Alan A. Ayers, MBA, MAcc, is President of Experity Consulting and is Senior Editor of The Journal of Urgent Care Medicine.

For much of 2020 and 2021, the COVID-19 pandemic drove both uncertainty and higher volumes (and thus profits) to urgent care centers. With the 2022-2023 flu season behind us, it’s back to “business as usual” and operators are expressing an increased interest in improving efficiency and managing operating costs.

So, what do urgent care operators need to consider?

Reducing expenses and rethinking resource-hungry strategies adopted during the pandemic is essential in the coming months.

 Volume-Driven Business

Urgent care has always been considered a volume-driven business because once there’s sufficient visits to cover a “skeletal” staffing model, each additional visit accrues to the bottom line.

In this sense, labor in an urgent care center is a fixed cost because without a provider, the center cannot serve patients.

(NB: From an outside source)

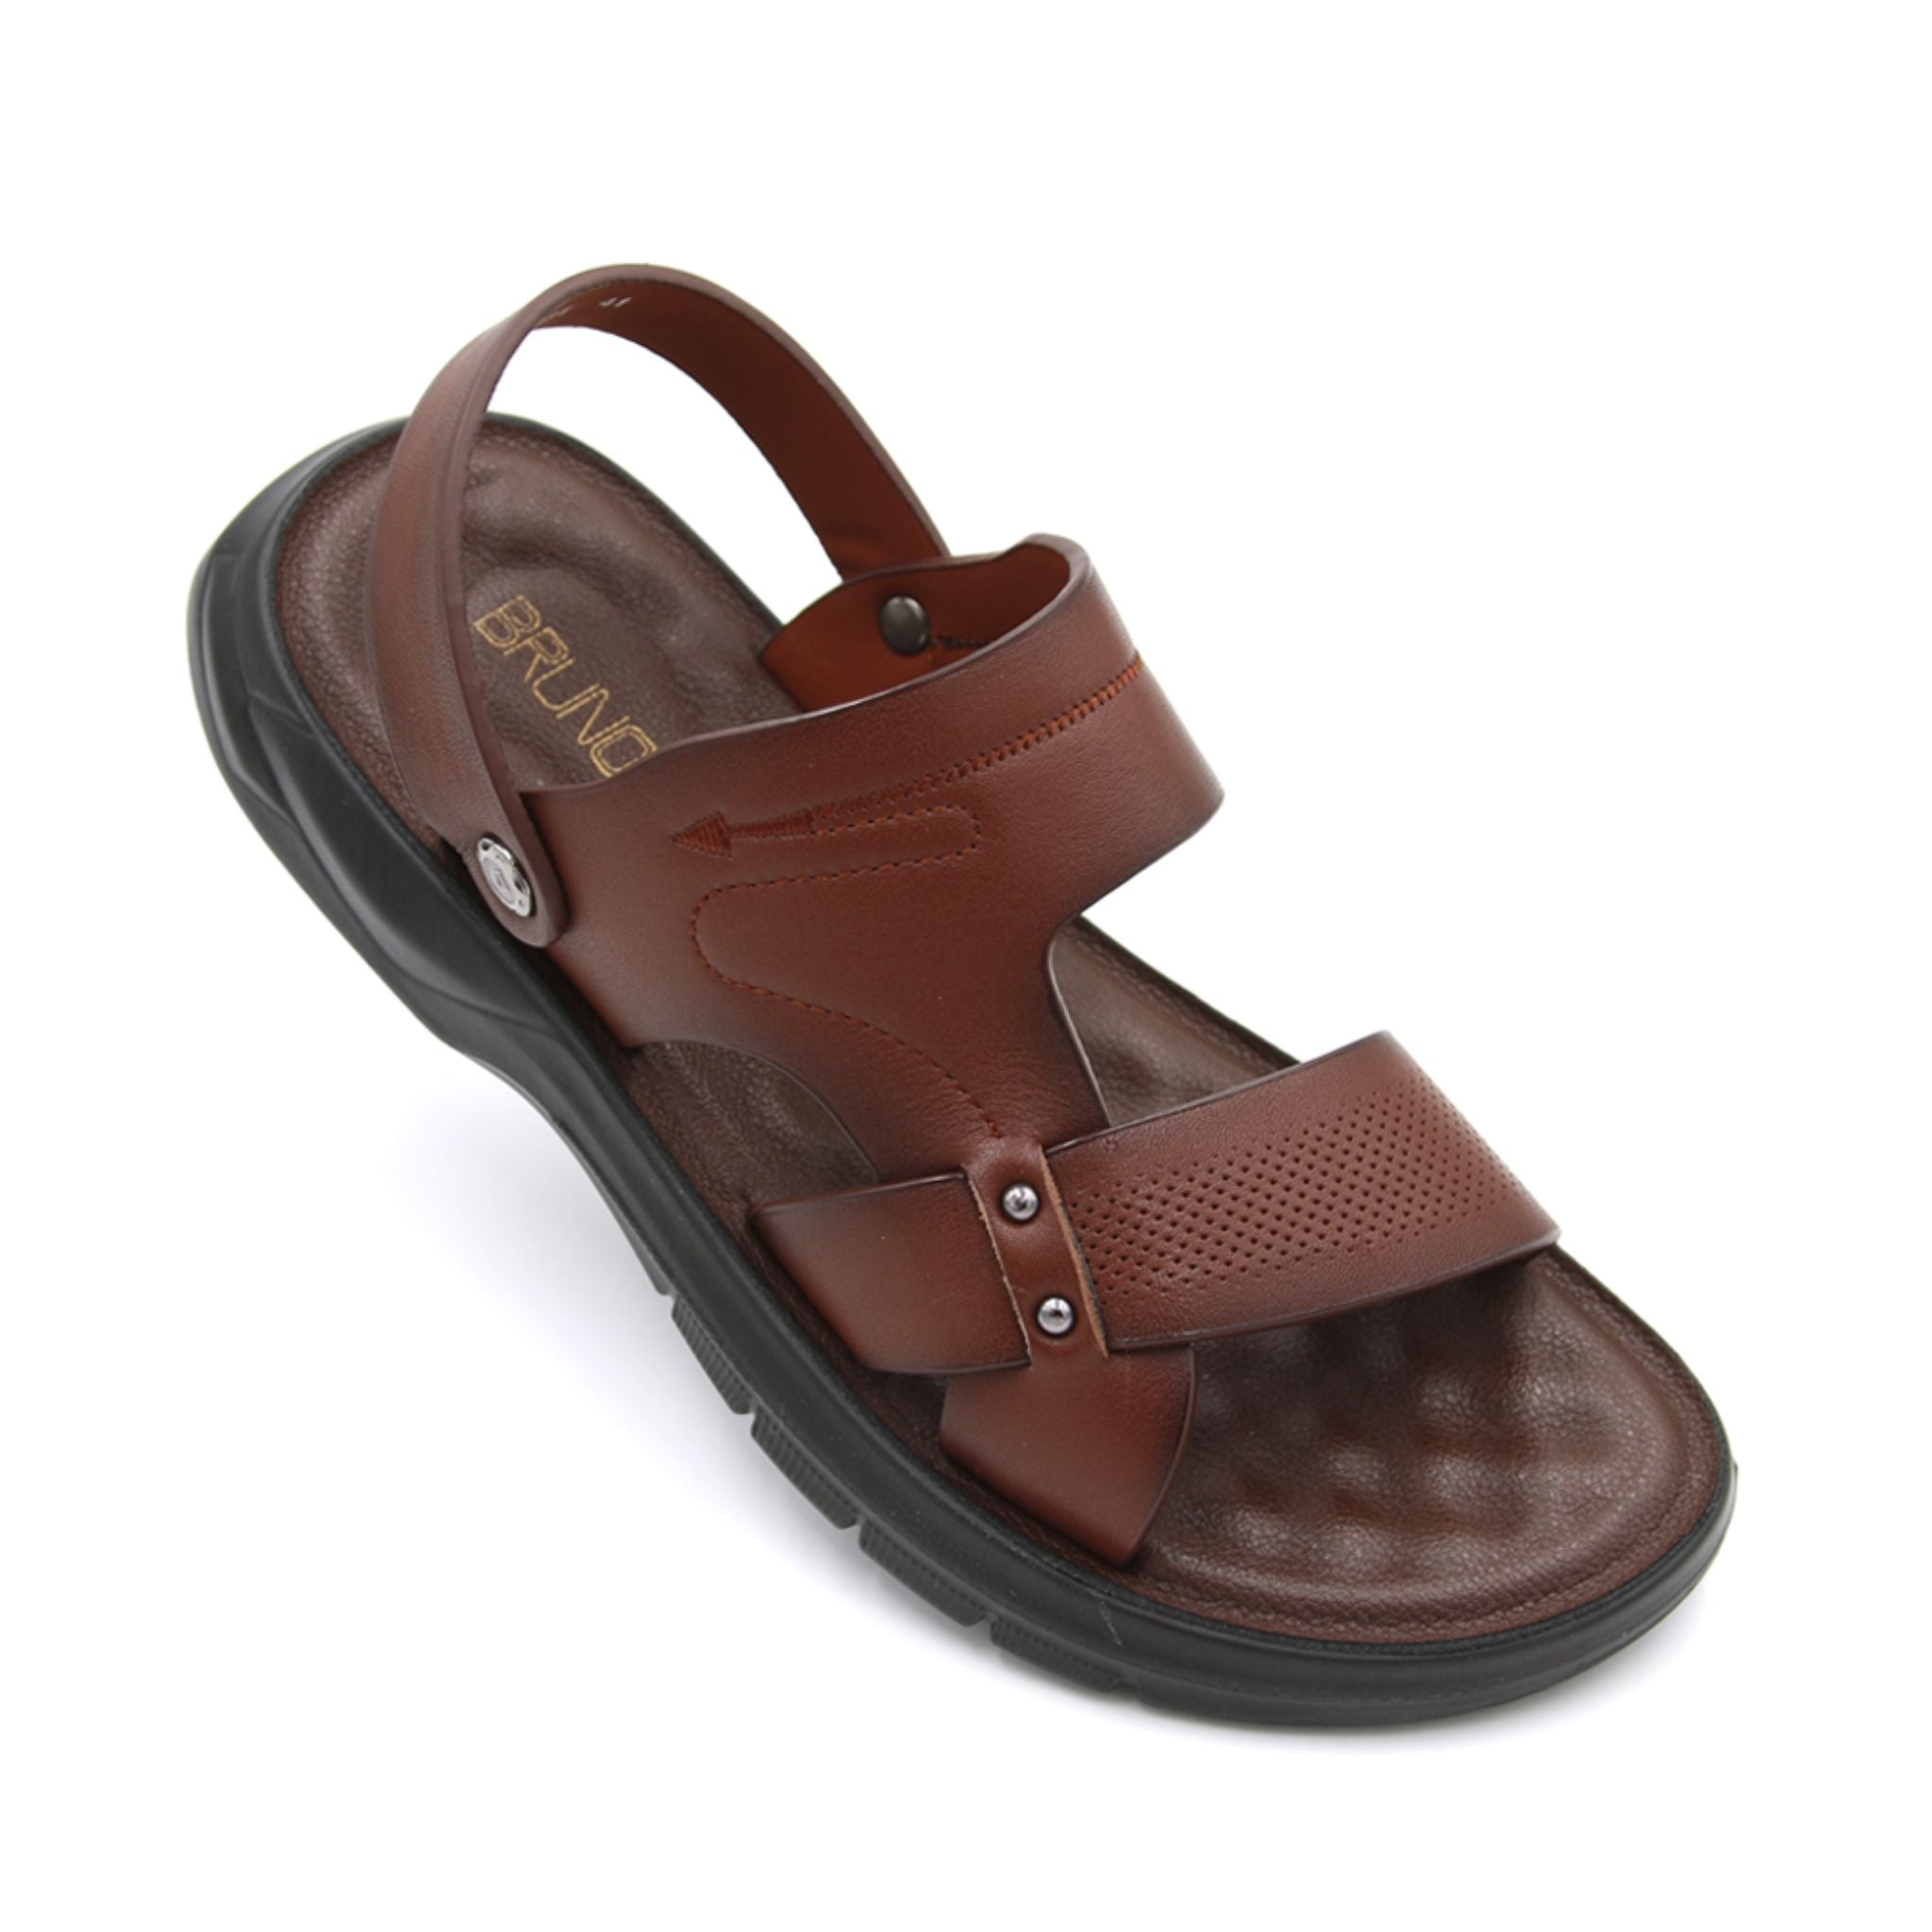 Bruno Co. Don Leather Sandals - Brown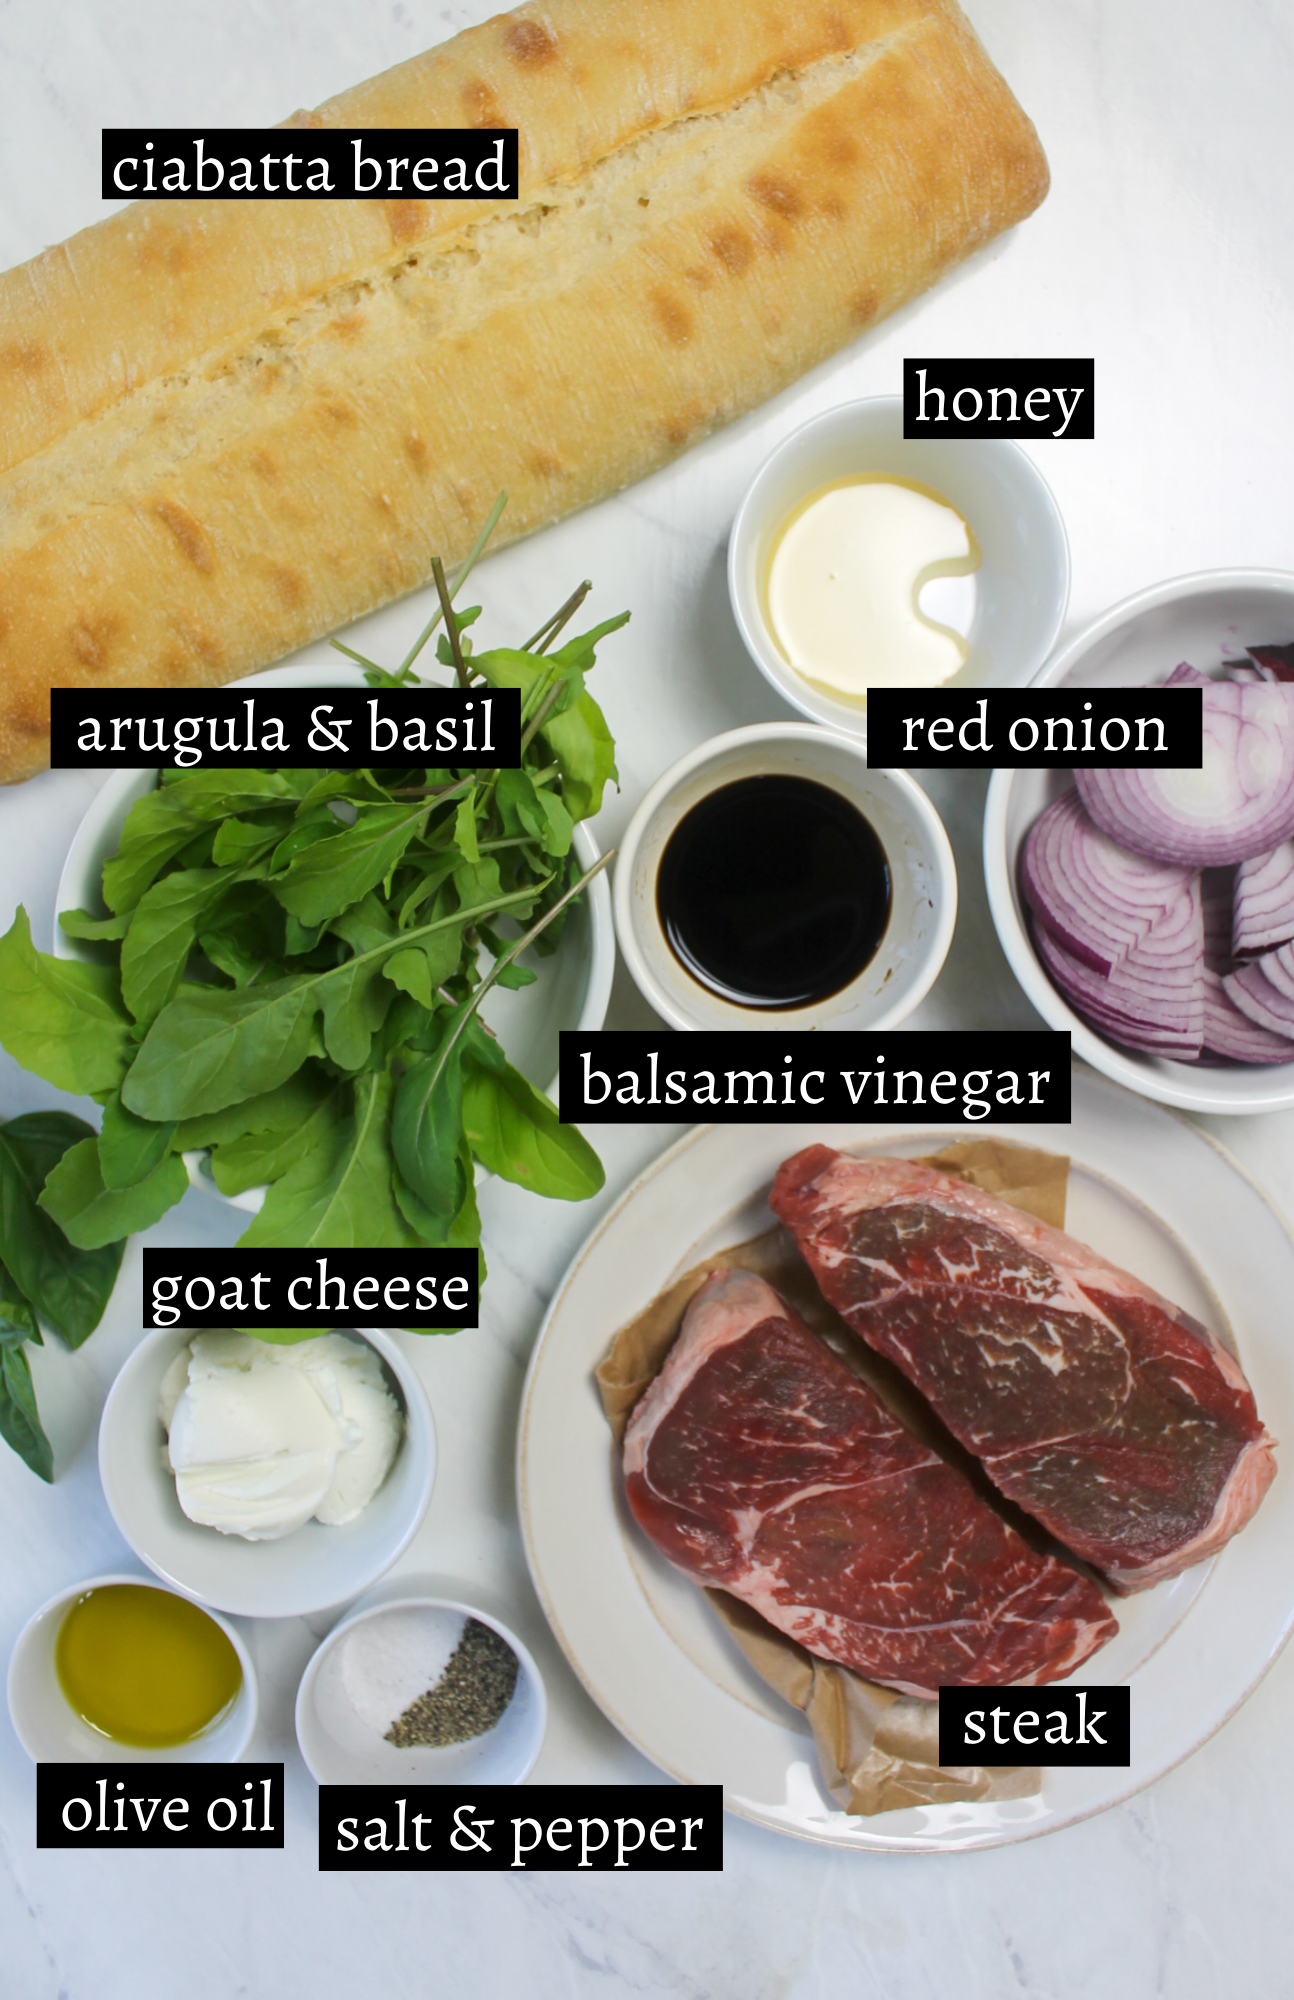 Labeled ingredients for ciabatta steak sandwiches with balsamic onions.

As with any fixed cost, profitability is increased as labor expense is spread across more patients.

Due to these basic economic factors, urgent care centers have always emphasized volume. In fact, one key performance indicator (KPI) that drives site selection, scheduling, and financials is patients per hour per provider.

Historically, urgent care has been a business that breaks even for 9 months of the year but then sees a windfall during flu season, when volume increases dramatically. This is why sustained COVID volume was so profitable for urgent care—COVID had added a second, year-round flu, in essence.

But what happens when this pattern isn’t followed? The last quarter of 2022 saw an abbreviated  “quadremic” crisis of flu, COVID, strep, and RSV that ended abruptly compared to previous years. The impact was regionalized, with the greatest volume seen in states like Texas and Utah that have disproportionally large pediatric populations.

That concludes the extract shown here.